EXERCISE DESCRIPTION ->
The reply should be an exact repeat of the listing, with no pictures in it.

DATA SEGMENT ->

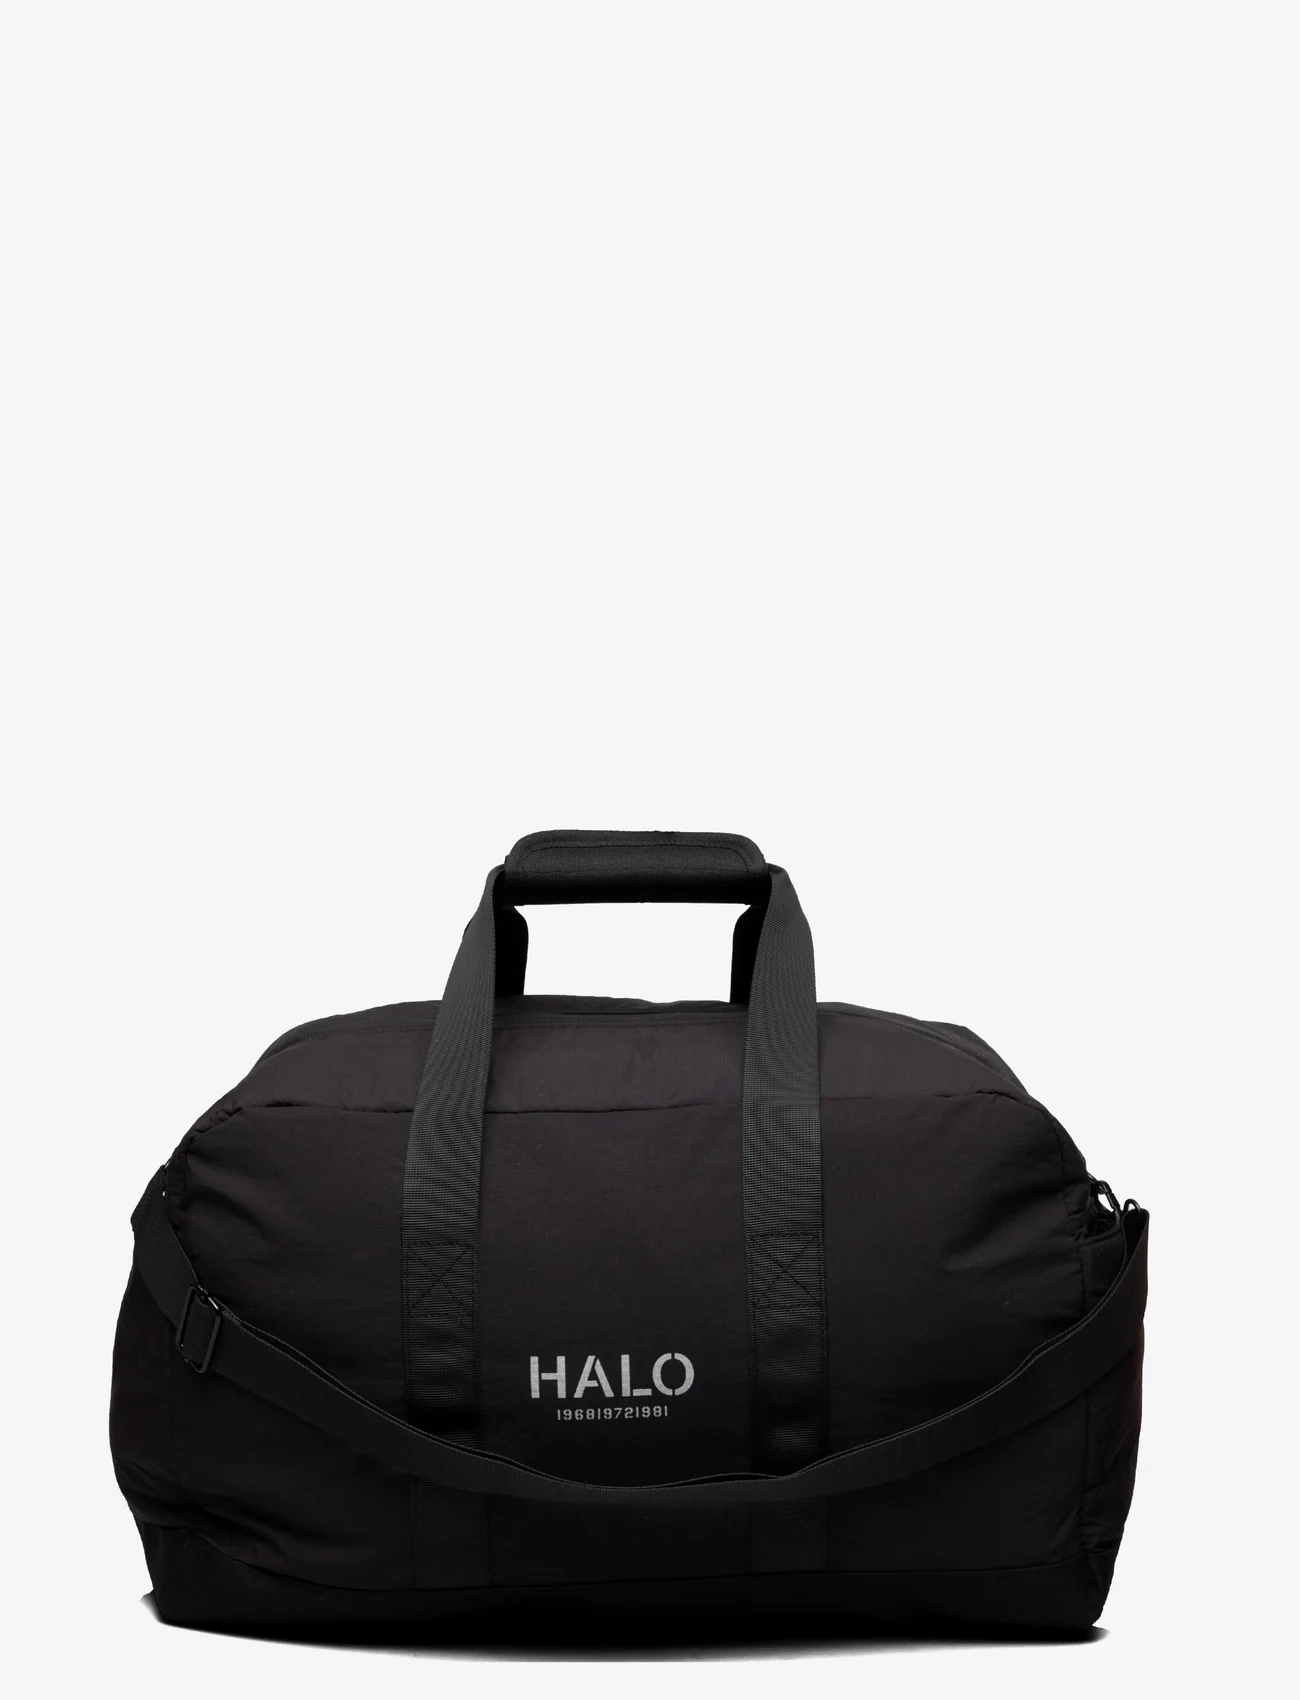 HALO - HALO RIBSTOP DUFFLE BAG - trainingstaschen - black - 0
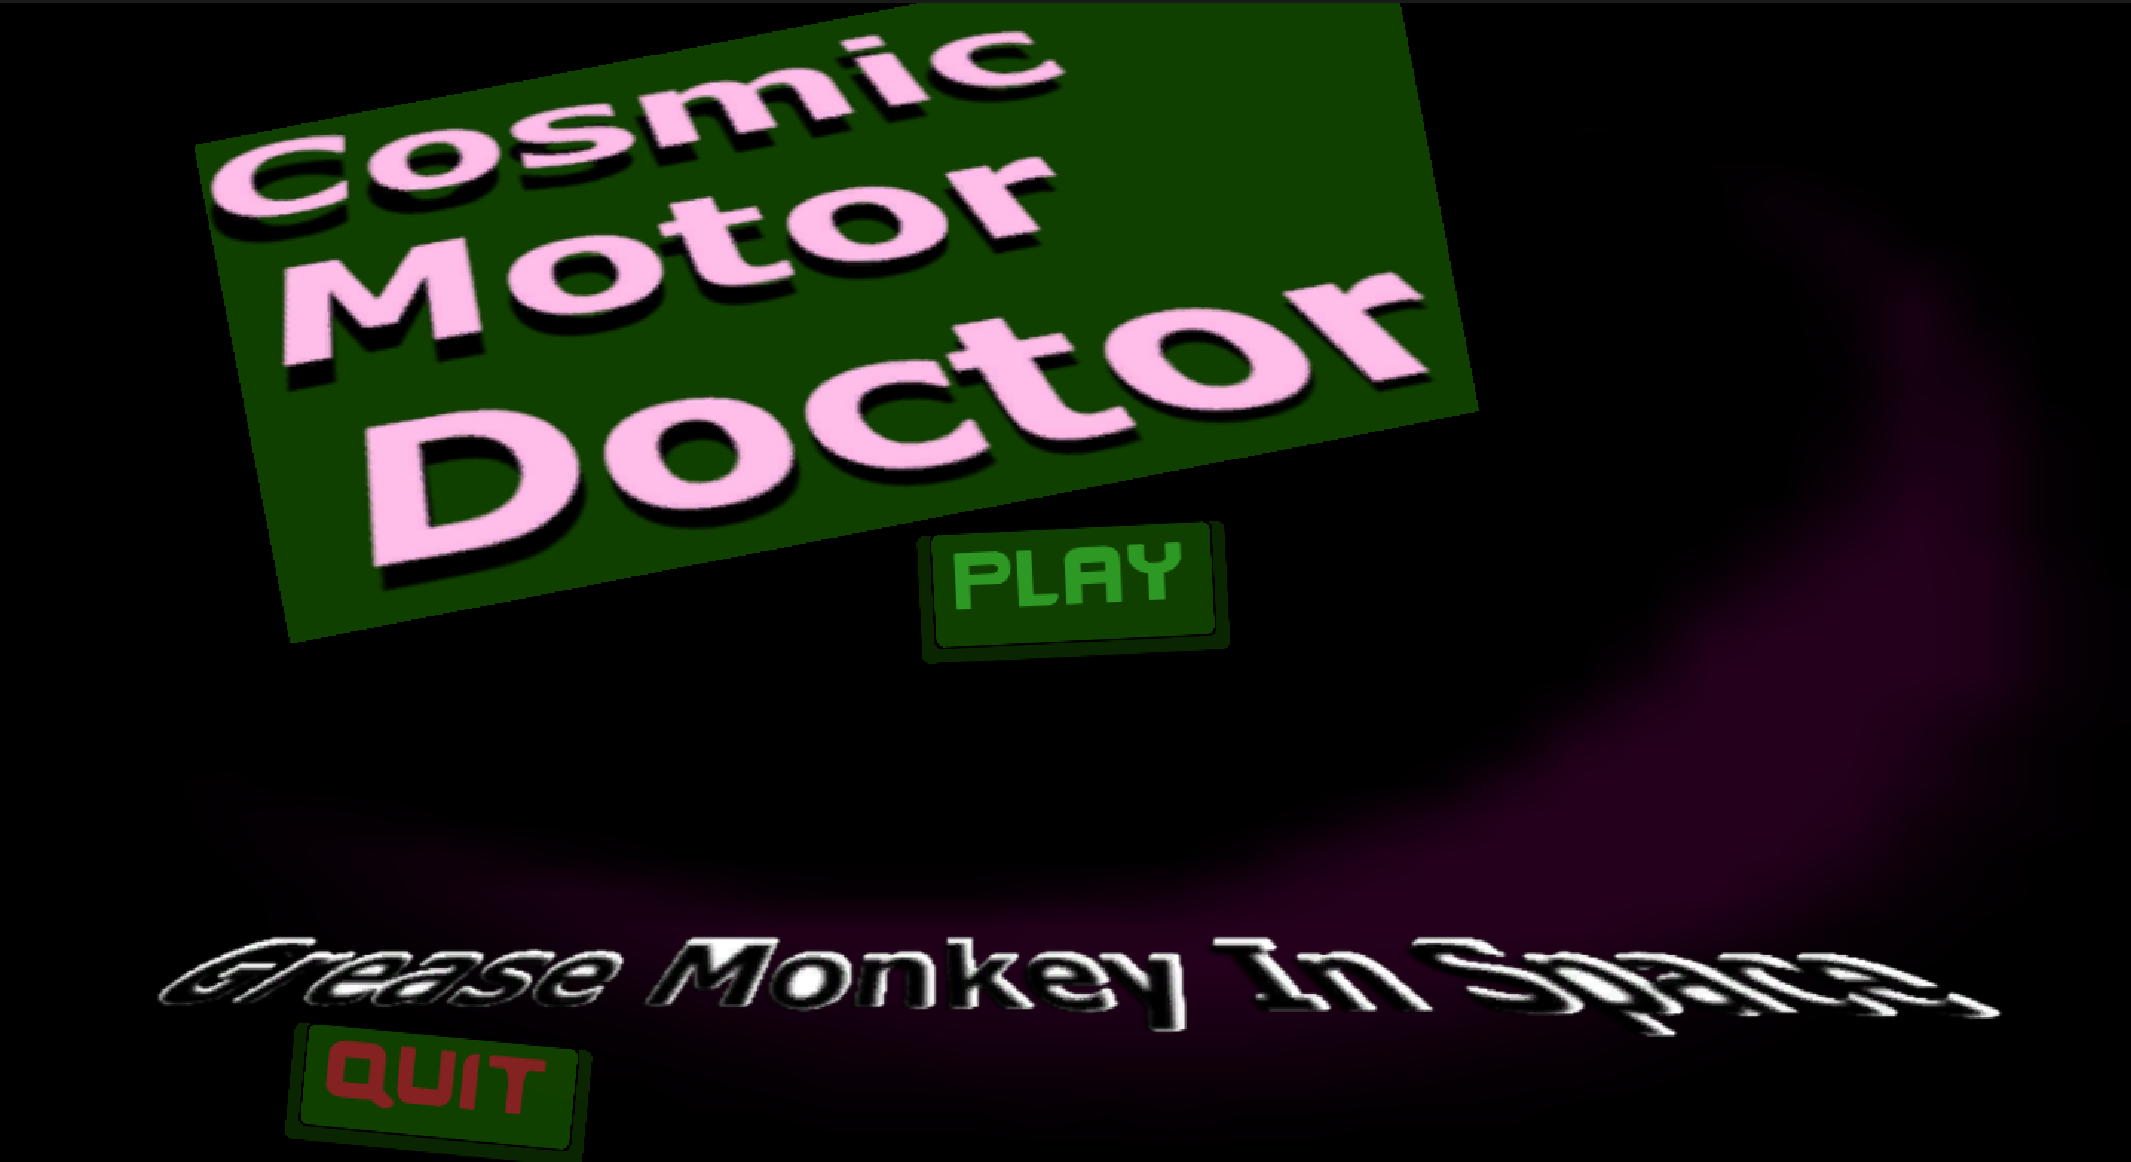 Cosmic Motor Doctor
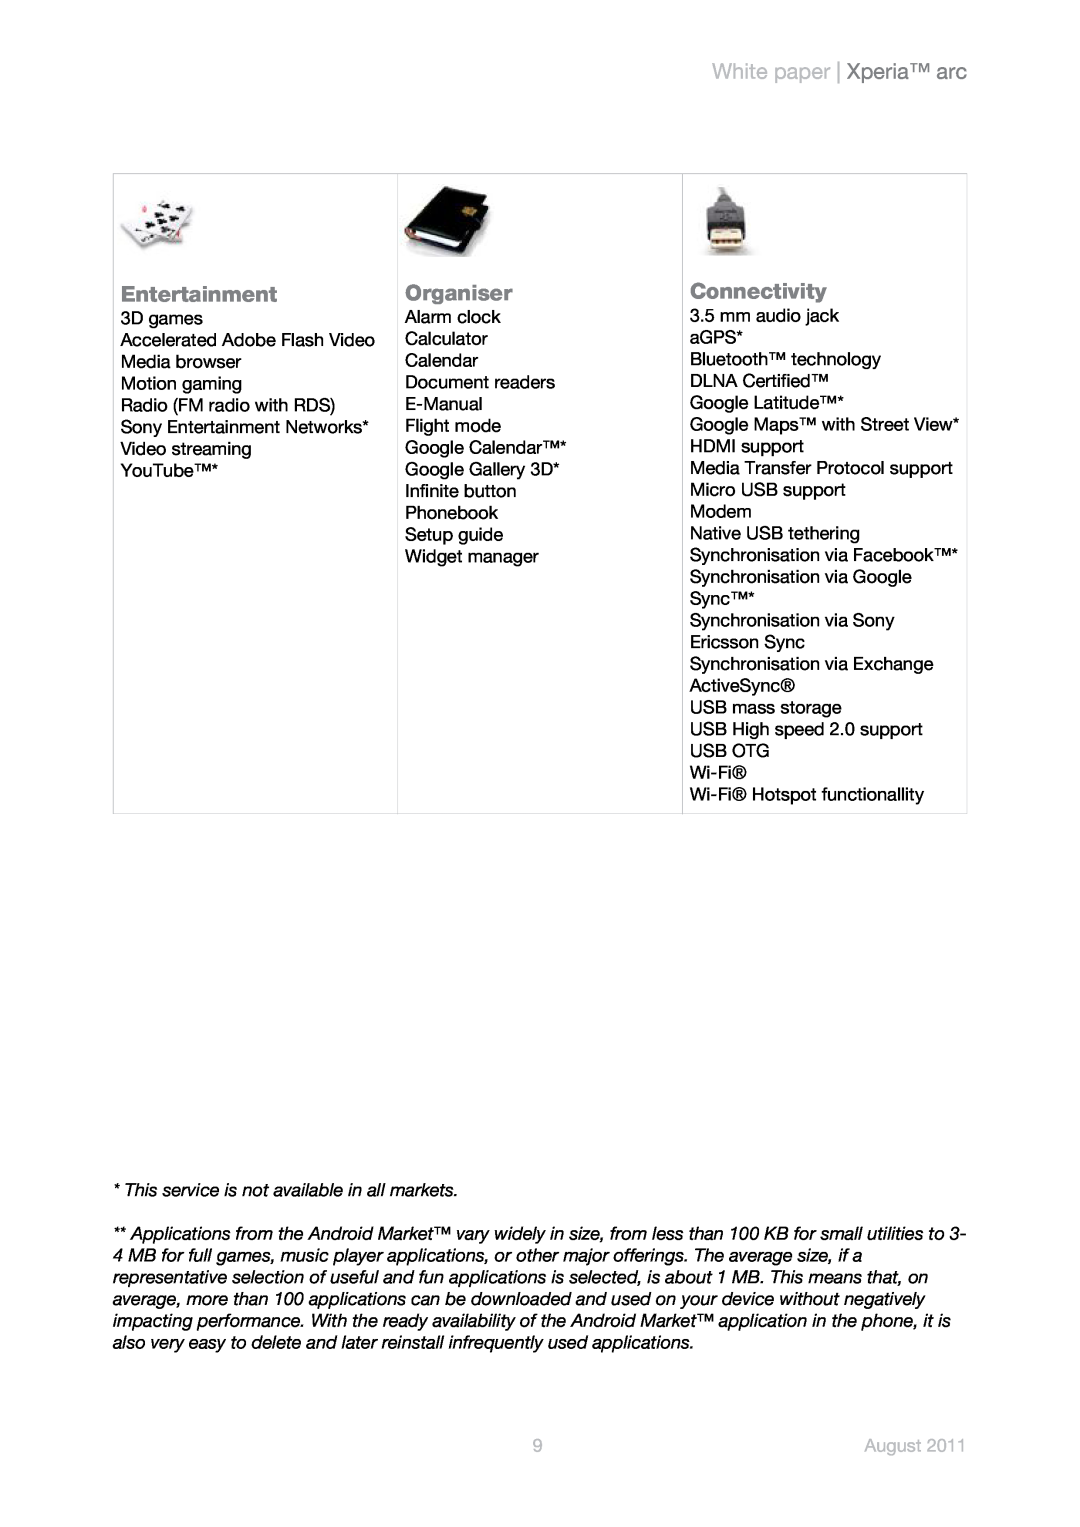 Sony Ericsson LT15i, LT15a manual Entertainment, Organiser, Connectivity, White paper Xperia arc, August

REPLY ->
 HALO - HALO RIBSTOP DUFFLE BAG - trainingstaschen - black - 0
 Cosmic Motor Doctor
 Sony Ericsson LT15i, LT15a manual Entertainment, Organiser, Connectivity, White paper Xperia arc, August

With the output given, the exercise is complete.